# Required work
Each line from the one containing "Armchair from Cube Armchair" to the end of the material below is to be restated exactly, with pictures skipped.

# Exercise data
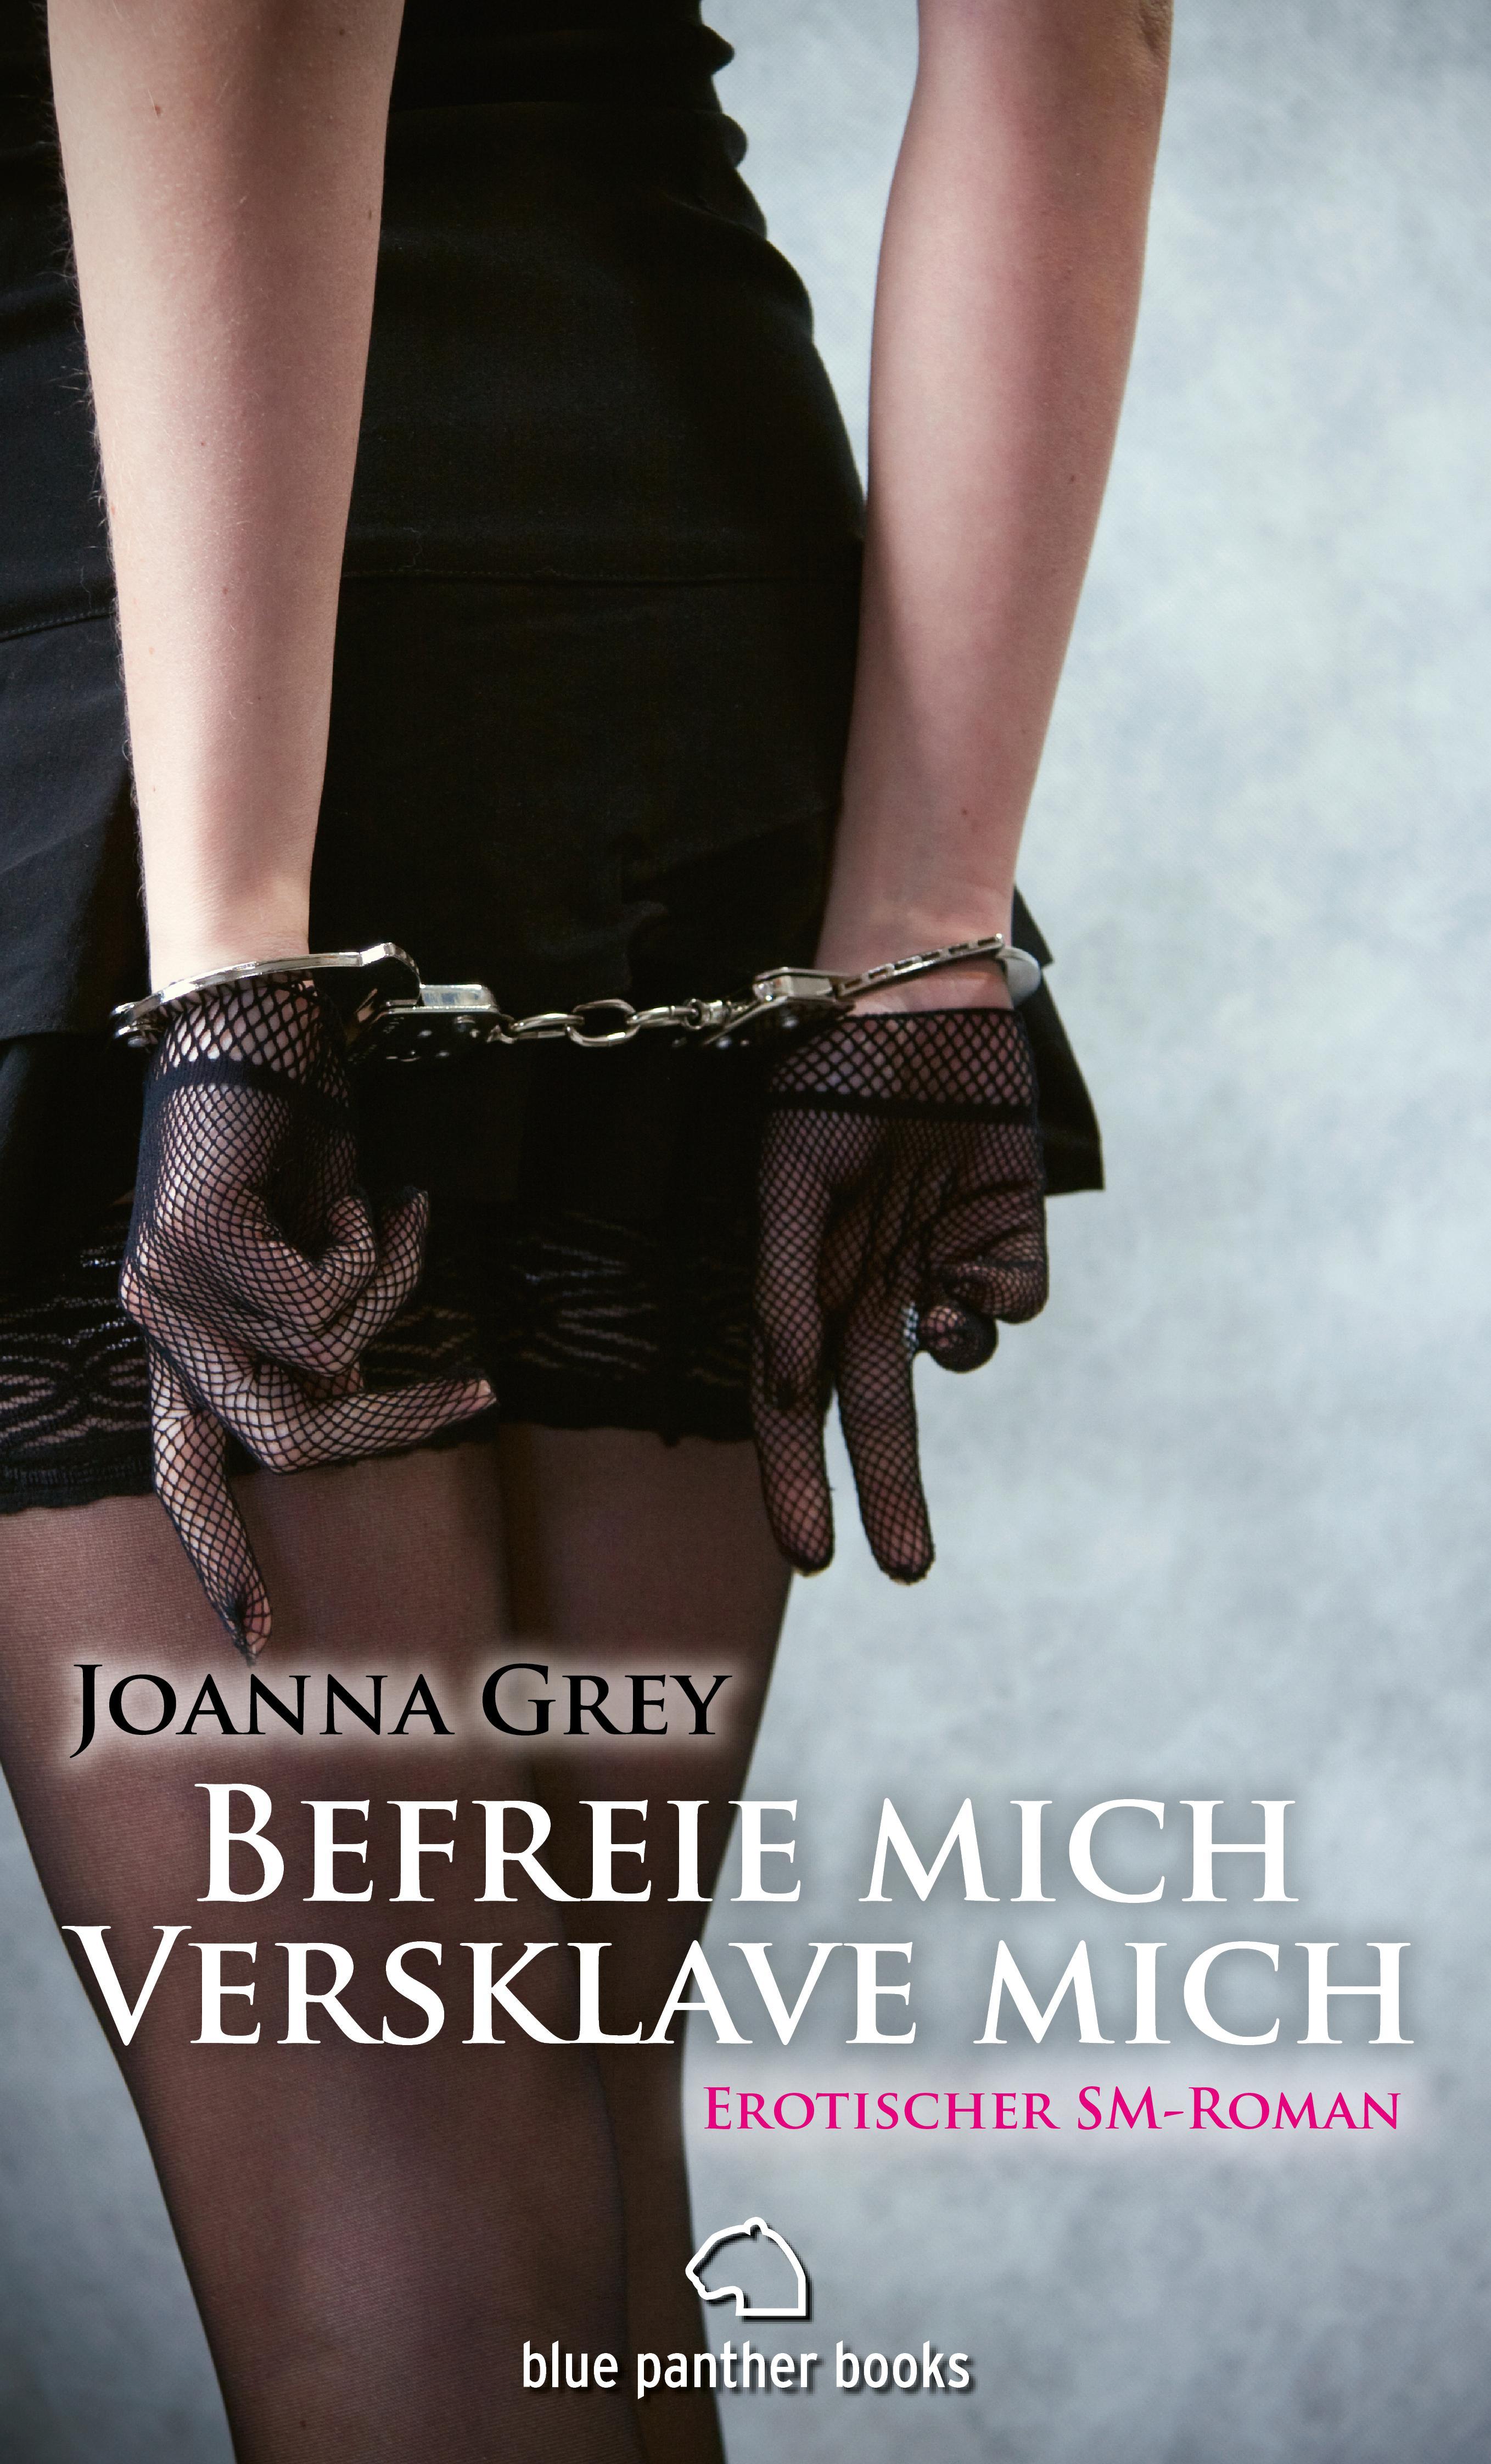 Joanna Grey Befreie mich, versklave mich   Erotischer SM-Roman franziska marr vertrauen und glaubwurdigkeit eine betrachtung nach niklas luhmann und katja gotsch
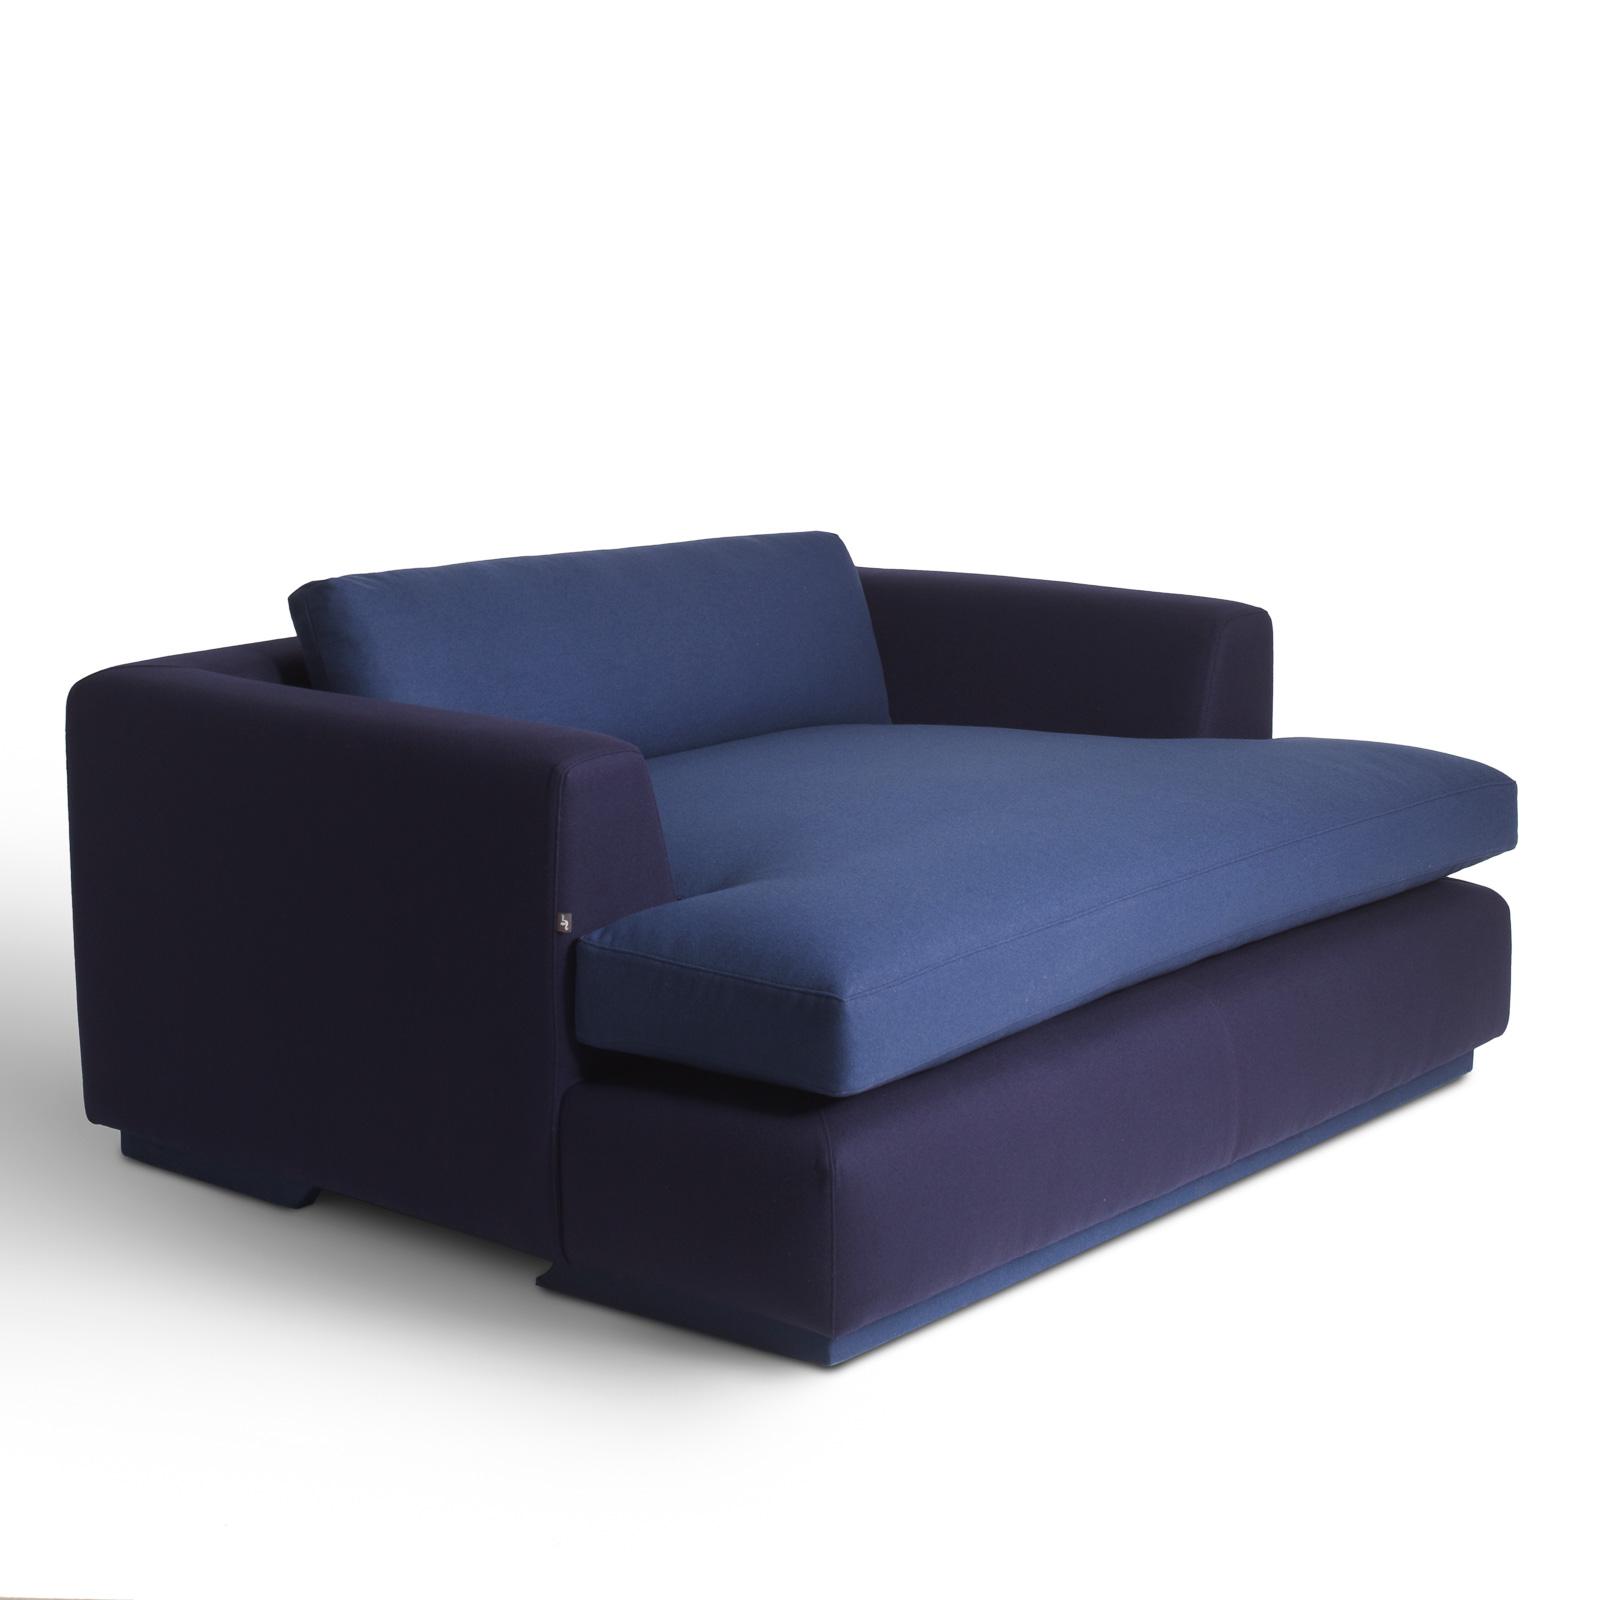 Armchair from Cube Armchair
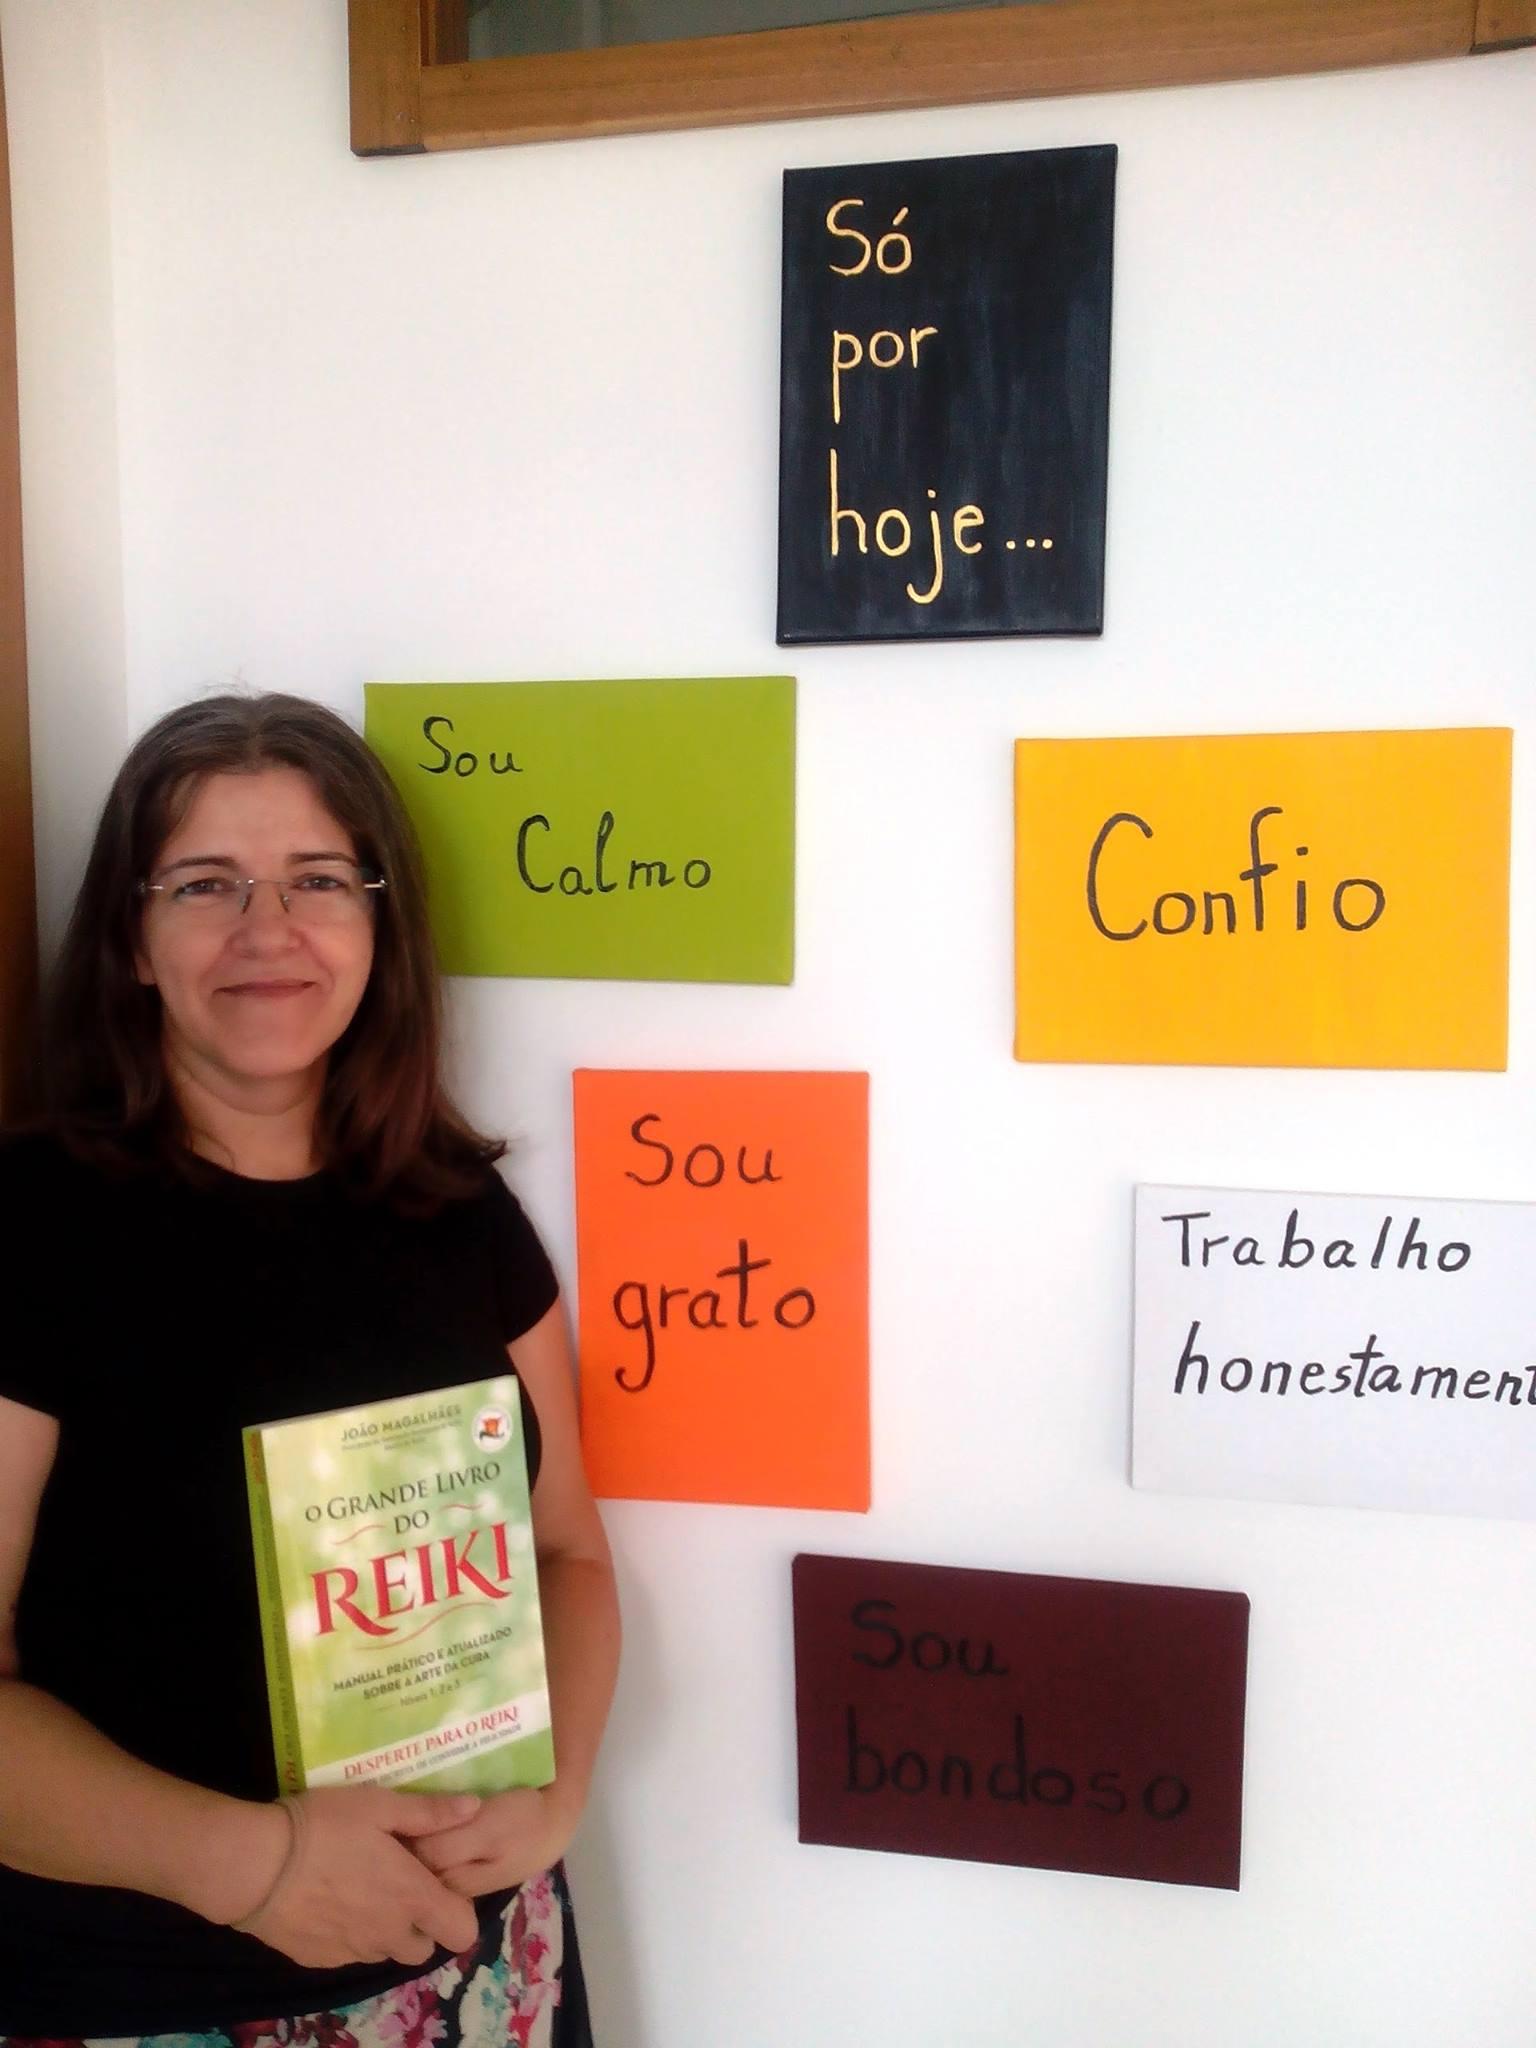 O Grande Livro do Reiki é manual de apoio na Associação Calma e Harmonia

# Answer to this task
 Armchair from Cube Armchair
 O Grande Livro do Reiki é manual de apoio na Associação Calma e Harmonia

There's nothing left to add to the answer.